Sorry -- I meant see if you can get her to be an indoor cat before you move. :wink: 



loveregardless said:


> but then how do I get her from the trap to the vet table??


Let the vet worry about that. That's what you're paying for!! :lol:


----------



## loveregardless (May 4, 2005)

Another thing I was wondering, how do you train them to use the litter box if they're used to going potty outside. I do think she would make the transition well, she is a very affectionate little lady. And I really do love her to peices. And you made a good point, if nothing else, I can have her doctored up and bring her back here, but I'm keeping my heart set that everything will work out great when we take her home. She wins over everyone who meets her, as you can see she's quite the cutie, hehe.


----------



## coaster (Dec 1, 2004)

Yes, she is certainly a sweet little cutie!!  Usually if you just show a cat where the box is, they know what to do with it. If you can collect some scat, put a little in the box so she knows it's hers.


----------



## Feral Fan (Feb 9, 2005)

What a sweetie! She's gorgeous! 

All three of my cats were feral. They adjusted and after the initial adjustment period are the best indoor kitties ever! They would never even THINK of wanting out, in fact I recently tried introducing them to the back sunporch and they would not go out there even though it is enclosed!

Just start her out in a nice quiet room, make sure there aren't any hidey holes you can't get to, but do give her a place that she THINKS is a super secret safe spot (covered carrier, box of some sort, if there is an under the bed then she will hide there).
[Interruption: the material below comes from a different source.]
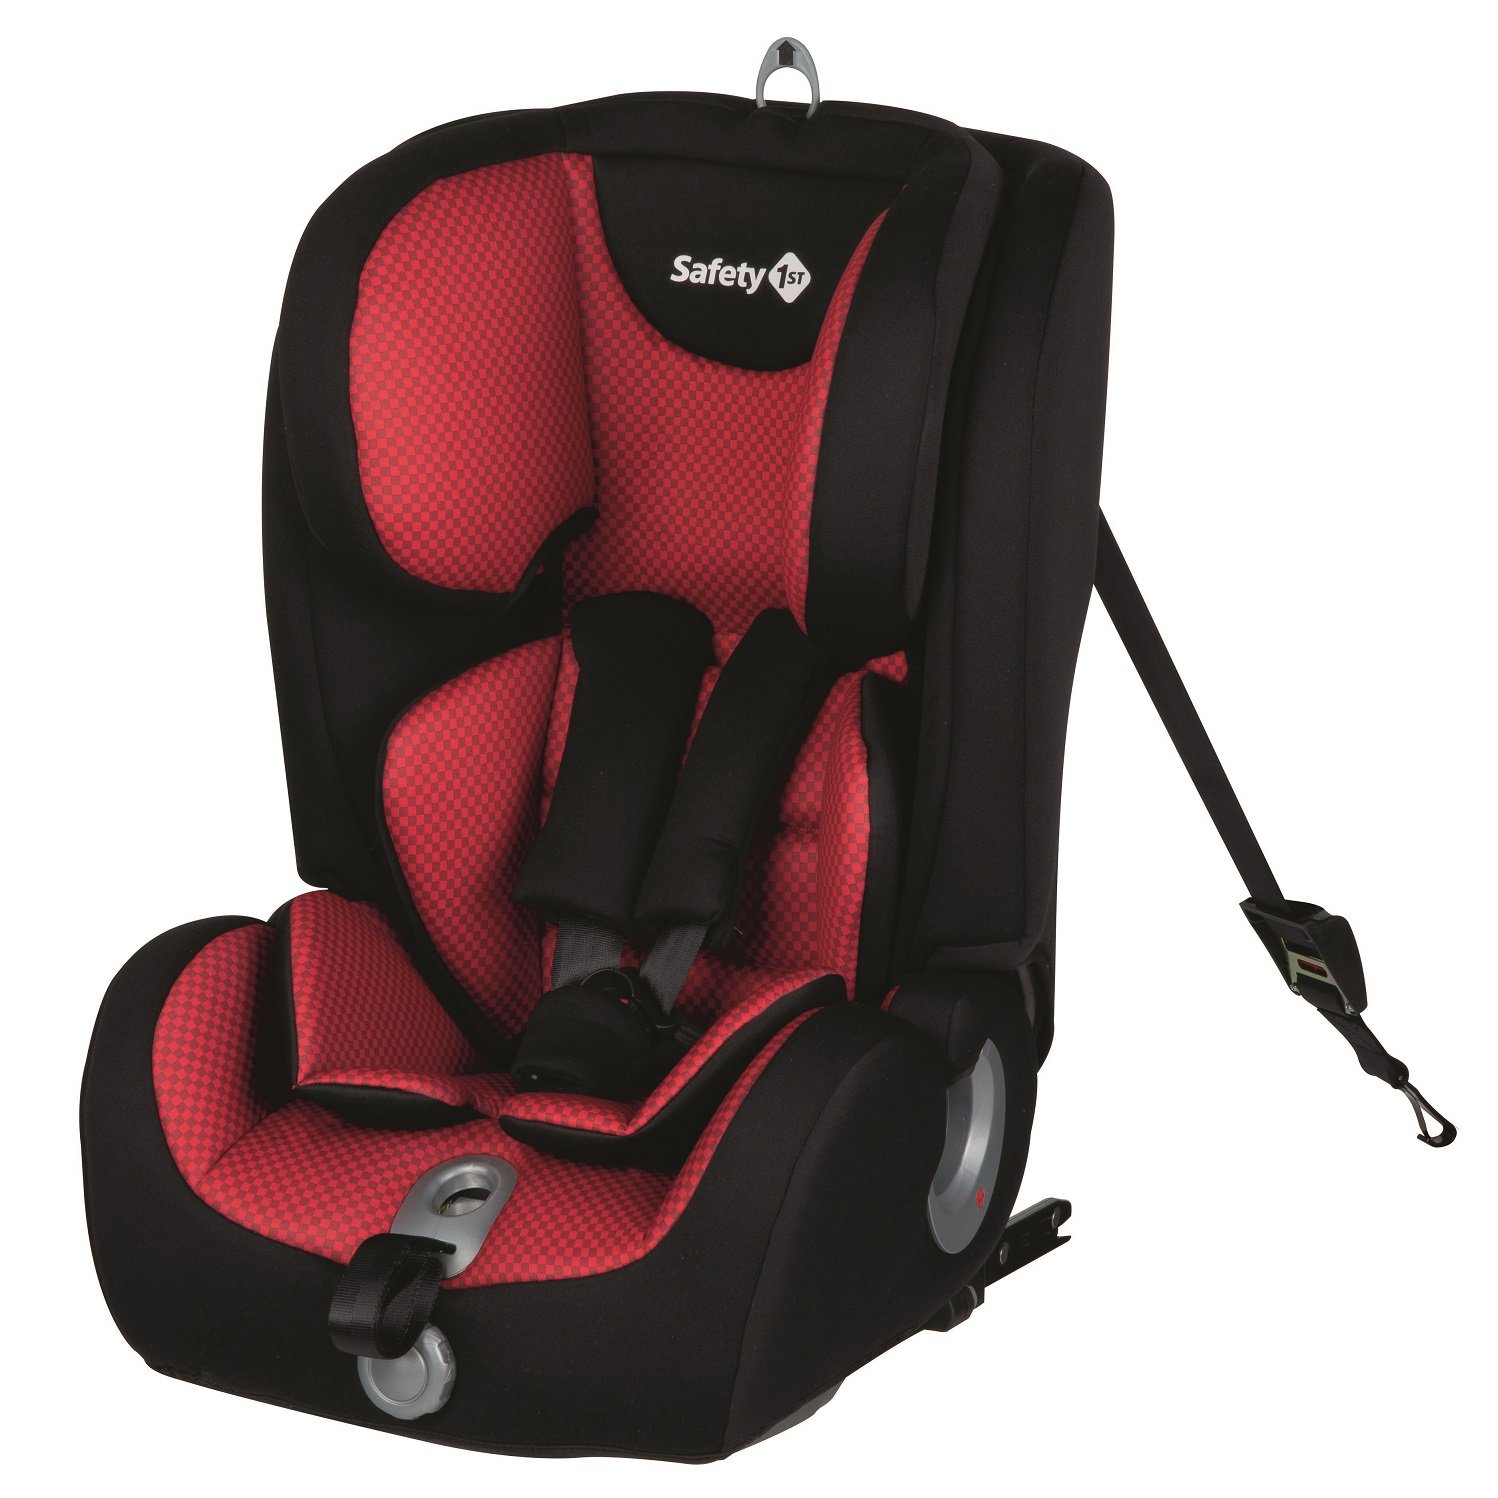 Safety1st - Ever Fix Car Seat (9-36kg) - Pixel Red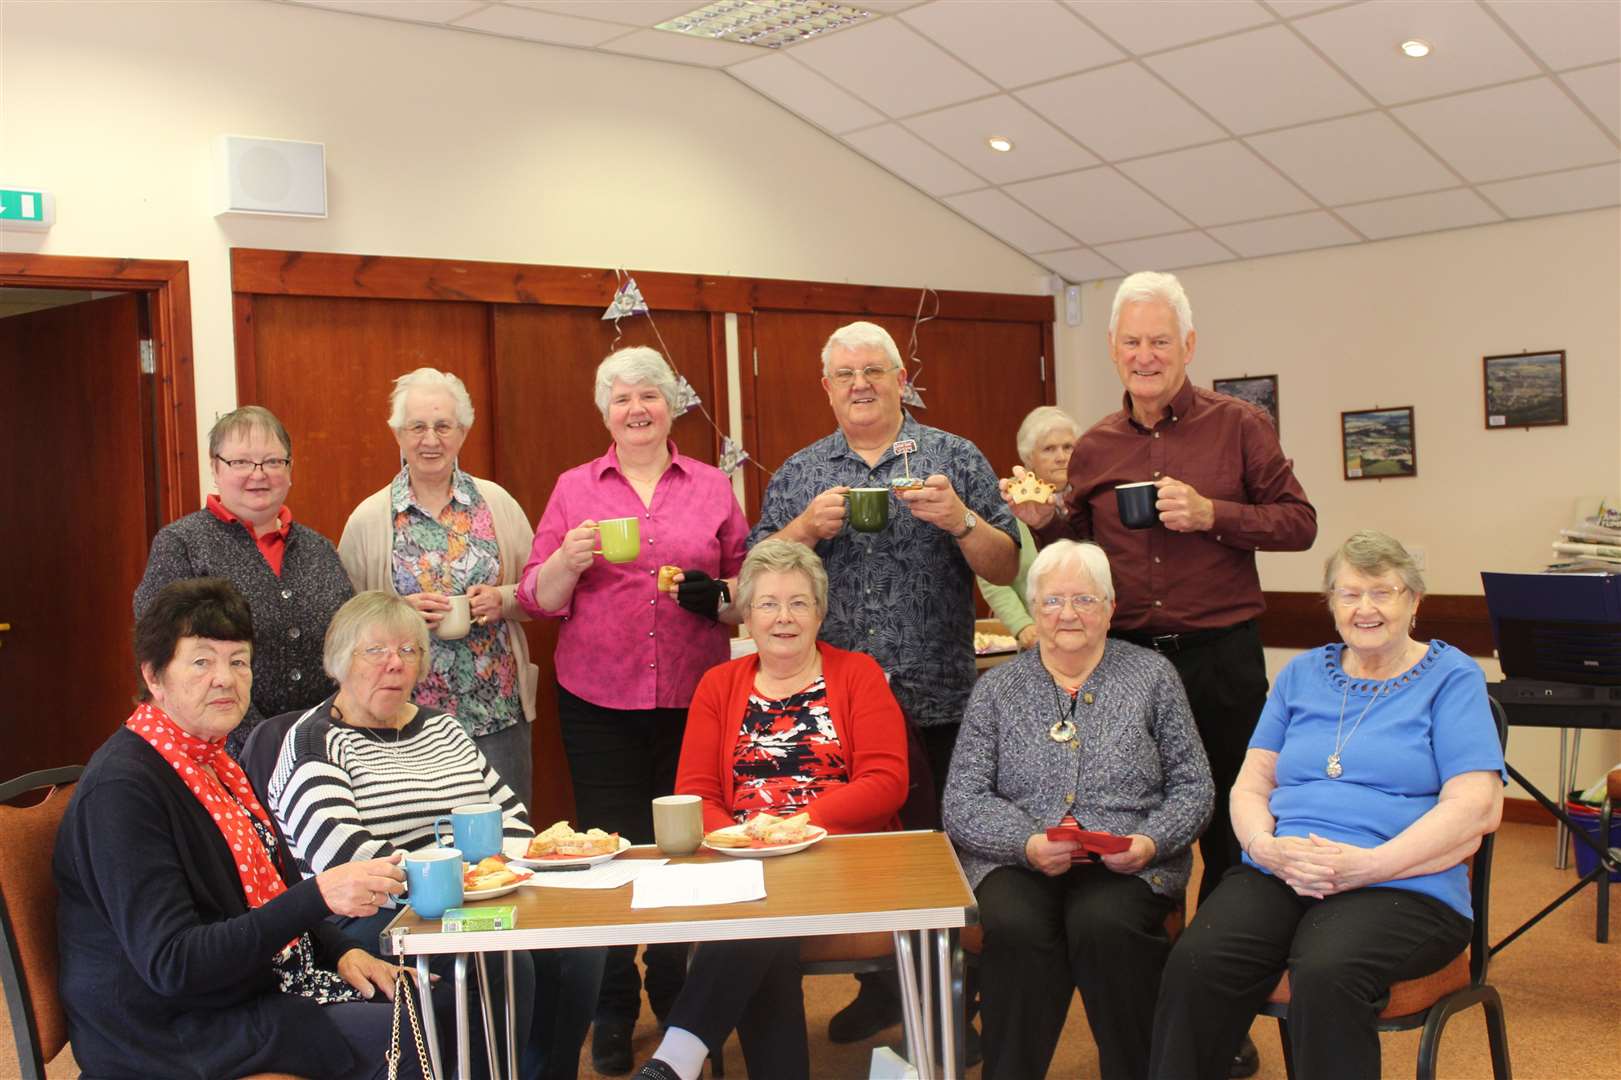 The Tuesday Centre group members in Kemnay enjoyed a Queen's Platinum Jubilee party with entertainment from Ian Dow, Eva Will and Ian Booth. Picture: Griselda McGregor

At first they are more scared because everything is new and scary, be prepared for a couple months of readjustment, if it is less all the better! Once she understands that you guys aren't hurting her and that you do all sorts of nice things like feed and pet her then she will calm down and trust you. Ferals make very dedicated pets for their direct families but usually hide from strangers (I love it that way, they're my cats and I don't need them to love anyone else!). 

A good way to spend time with her initially is feeding treats, reading to her or in the same room as her, and quietly talking and blinking to her. If she reacts well to you being in the room start some play time, ferals can be very playful! Good luck, hopefully things go well and you keep us posted (with pictures too!).


----------



## loveregardless (May 4, 2005)

She is a sweet heart, and adorable. 

I already talk sweet to her and blink my eyes at her. I had read before that squinting was a sign of affection, and for sure, she loves me as much as I love her now. She still doesn't like anyone but me too much though...its so funny...I didn't know until recently that cats could growl, lol. 

She's already used to being mostly inside since she's had her kittens, so at least I have that going for me, and she absolutely loves sleeping on the towels and carpet I lay out for them, and she likes ledges and stuff so I'm sure she would just love a cat tower.

Fingers crossed. I'm gonna keep an eye on her and take her to the vet as soon as the kittens are gone. I'm just worried that once they're gone, she won't come inside anymore. Then we'll hardly see her until I move...which should be by July. I dunno, maybe not. She did come every morning when she heard my car pull up to get fed before, I don't think she'll do much regressing.


----------



## Sweetvegan74 (Jun 18, 2005)

*adopt her (-:*

See if you can catch Darla with a Humane trap, once she adjusts being inside, you can decide if you want her to have the kittens or spay her, but off the streets is a must especially is she acts like a stray and is not feral


----------